During phase 2 and 3 trials (studies 902 & 907), Viread was given to highly treatment experienced patients. The infrequent presence of K65R was associated with only low grade resistance to Viread. The few patients during these trials who had this mutation also had a history of Ziagen or ddI treatment (previously), which was implicated as the cause of the K65R. Moreover, the K65R mutation is associated with a low-grade resistance to ddI and Ziagen, and moderate resistance to Epivir. In a real world clinic, resistance to Viread occurs relatively infrequently and patients who have the K65R often respond to Viread treatment (and is often sensitive by phenotypic testing).
To make things more complicated, if a patient takes Truvada and develops both K65R and M184V, there is the potential to eliminate later options for treatment with Ziagen and Epzicom. However, if one developed resistance with Combivir or AZT, the mutations are generally of the TAMS variety or thymidine associated mutations. This also blocks one’s potential options with Viread later on as well as other agents.
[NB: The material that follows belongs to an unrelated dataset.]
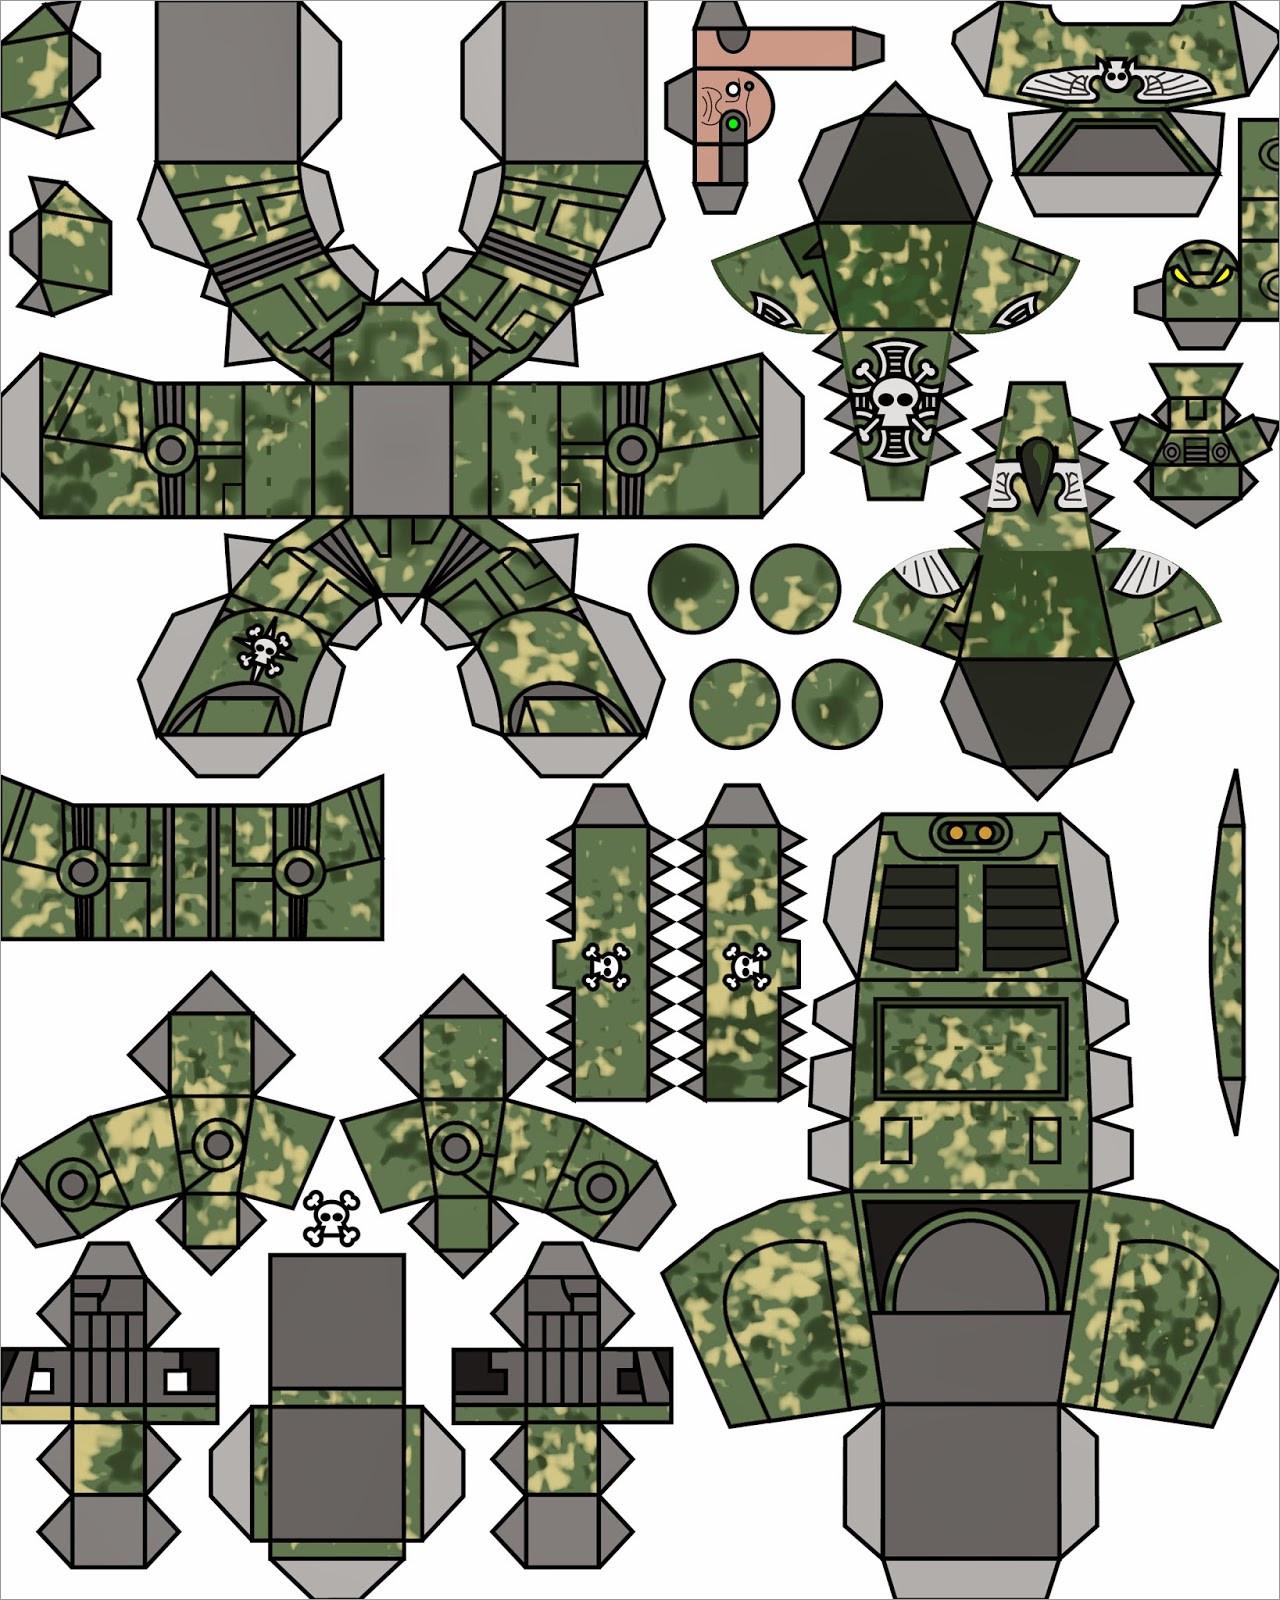 Warhammer 40k Papercraft Warhammer 40k Papercraft Download

Thus one can see how complicated drug sequencing becomes, especially when newer treatments come to market. We usually don’t have all the answers at first.
Summary
The arrival of the two new formulations, combinations of two NRTI’s each, have made it simpler for patients. There are still some unanswered questions and clinicians debate about which drug combinations of nukes, non-nukes, protease inhibitors and boosted protease inhibitors are best suited for starting patients when beginning therapy. Many patient specific particulars need to be considered and many details such as pharmacokinetics, resistance and sequencing all need to be measured. The availability of both Epzicom and Truvada are another step in the right direction towards improving HIV treatment. Both can be combined with other single dosed antivirals to construct true once daily regimens. They can also be combined with other dosing regimens to reduce pill burden. Furthermore, a recent press release announced that Bristol-Myers-Squibb, Gilead Sciences and Merck have announced plans to develop a fixed-dose combination pill of three antivirals.